Coronavirus fuels big drop in patients turning up at A&E

Posted On 21 Apr 2020 at 9:33 am

A big drop in the number of patients turning up at accident and emergency (A&E) departments has prompted an unusual message from hospital bosses.

It’s ok to come to A&E if you need to, they said, and you won’t be waiting with patients suspected of having the covid-19 coronavirus.

The change of emphasis comes after years spent urging people to use alternatives to A&E unless they were genuinely suffering an emergency or had had a serious accident.

One of Britain’s leading emergency consultants, Rob Galloway, is currently the medical workforce lead for covid-19 at Brighton and Sussex University Hospitals (BSUH).

Dr Galloway said: “It’s still safe to attend A&E. If you need to come to A&E, you should.

“We’re concerned that the public are coming to harm because patients who are unwell aren’t coming to A&E.”

And when they did come, he said, they were often in a much more serious condition, with a poorer chance of survival or of making a good recovery.

A&E attendances and admissions at the Royal Sussex County Hospital, in Brighton, were almost 30 per cent down last month on March last year. The picture is similar across the country.

And nationally, the government reported a spike in the number of people dying – 6,000 more in one week than the five-year average.

Dr Galloway said that only about half of those were likely to be directly attributable to covid-19.

He said that there were some understandable reasons for the fall in A&E attendances – fewer people were going out drinking, fewer were driving and fewer were working.

And some of those who would be better off seeing their family doctor or a pharmacist were worried that they risked catching the coronavirus at A&E so were staying away.

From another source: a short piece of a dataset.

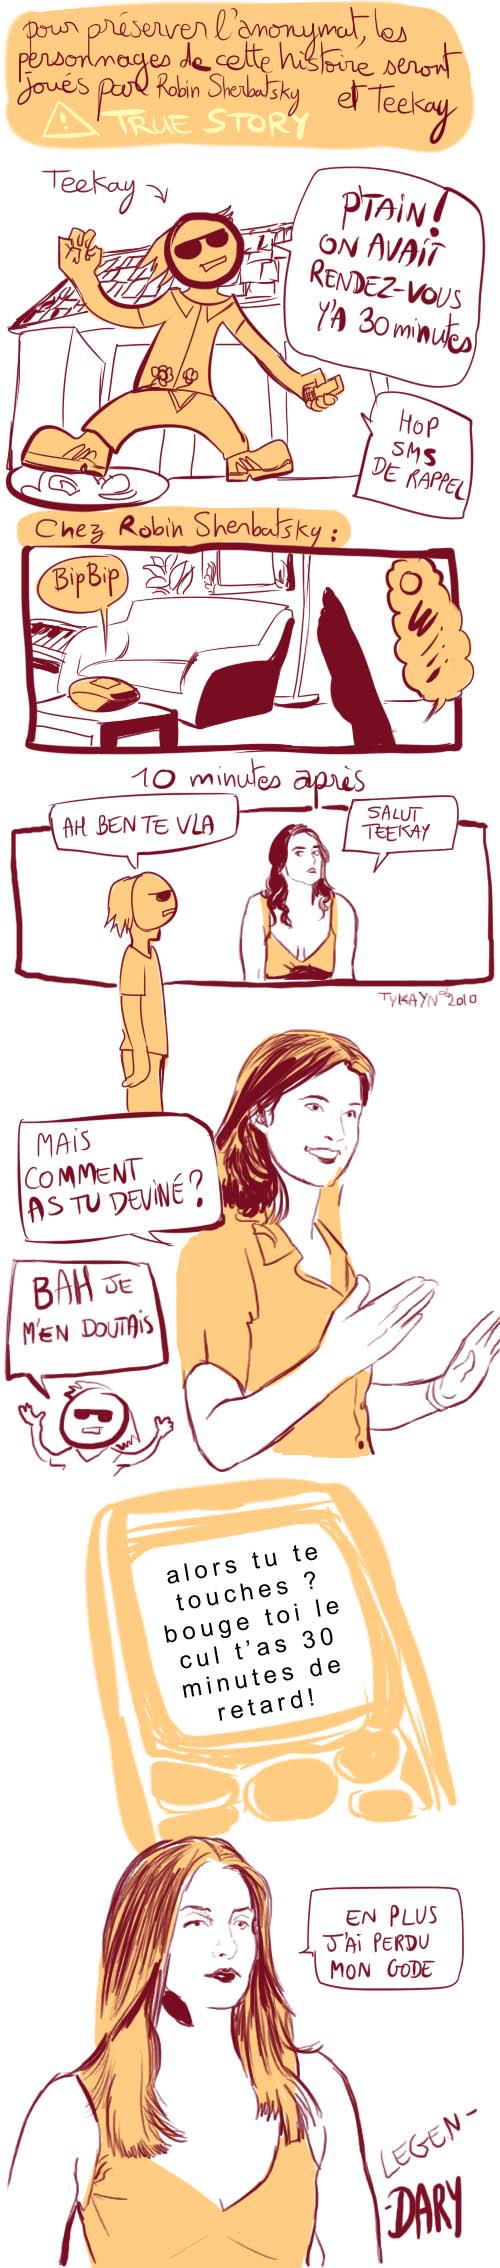 How i met Cobie Smulders

But a third group of patients had also fuelled the drop in numbers at the emergency department.

Rob Galloway

Dr Galloway said that their reasons for not coming in included stoicism and selflessness, their fear of contracting the coronavirus and a worry that they might not receive the treatment they need as medics focus on patients with covid-19.

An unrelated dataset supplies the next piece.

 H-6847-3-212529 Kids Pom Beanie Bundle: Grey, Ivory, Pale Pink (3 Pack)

He said: “They may think that they’re helping the NHS but sadly they aren’t.”

When he and his colleagues finally got to see those patients, he said, they were sicker than they needed to be and required more care and treatment. This could mean a longer stay in hospital.

Their selflessness was admirable but misplaced and could partly explain the sudden spike in the number of people dying.

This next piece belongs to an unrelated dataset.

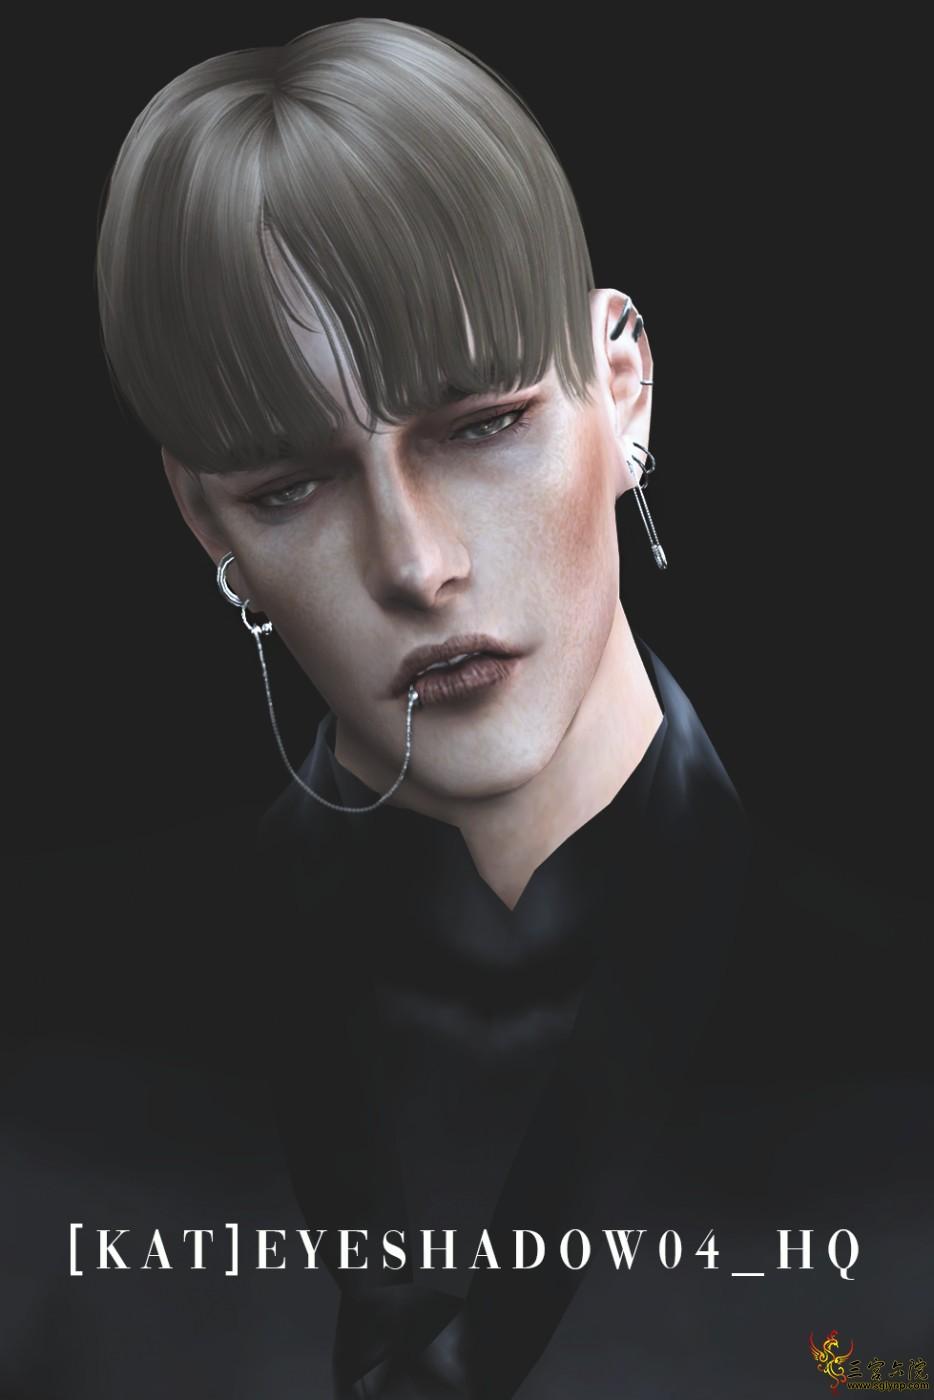 [KAT]eyeshadow04_HQ.png

Dr Galloway said that A&E was safe, with red and green areas to separate patients suspected of having covid-19 from those with other conditions.

They would also be seen by entirely separate doctors and nurses. They were organised into teams of clinicians treating only coronavirus patients and teams treating all other patients.

It followed a huge reorganisation at BSUH, which runs the Royal Sussex and the Royal Alexandra Children’s Hospital, in Brighton, as well as the Princess Royal Hospital, in Haywards Heath, he said.

Dr Galloway said: “The public can be reassured we’re there for them whether they’ve got covid or something else.”

Staffing levels were good, he said, despite a number of colleagues who were off – some of them in self-isolation.

He said: “We’ve got resilience in A&E, the ward system and intensive care. We’ve got the capacity to cope.”

There were more than enough beds, he said. Occupancy rates were lower than they had been for years, partly thanks to a big drop in bed blocking, also known as “delayed transfers of care”.

He praised those working in social care, nursing homes and commissioning organisations for enabling more patients to be discharged more efficiently when they were ready to leave hospital, adding: “It’s remarkable.”

There were fewer “elective” patients too as many routine operations had been cancelled, along with outpatient appointments.

It worried him, though, that six months down the line there could be a rise in the number of, say, breast cancer cases coming to light.

There were fears that people were putting off seeing their doctor too when they had concerns about, say, a lump or other persistent or significant symptoms.

Dr Galloway also thanked everyone who had donated money, food or their time to help the NHS since the start of the pandemic.

And he thanked all those who had applauded NHS staff and carers, adding: “Those 8pm claps make you feel proud of working for the NHS.

“In films, heroes wear capes. In real life, heroes are people like nurses, radiographers, pharamacists and porters.

“It’s great that they feel appreciated. It’s a very hard job. It’s been the hardest couple of months of my working life and it’s wonderful that it’s appreciated.

“And it’s wonderful that the public are following the government’s advice about staying home and social distancing.

“Social isolation gave us an extra three weeks to prepare. We’re ready for you in A&E if you genuinely need us.

“If you can go to your GP or pharmacist, please do. But if it’s an emergency, come to A&E.

“If you’ve got abdominal or chest pain, loss of consciousness, fitting, heavy bleeding, if you’re having a stroke or breathing difficulties, don’t suffer at home and worry that you’ll be burdening us.

“If people are selfless, it may cause more problems for them and the NHS.

“The public can be reassured that we can cope.”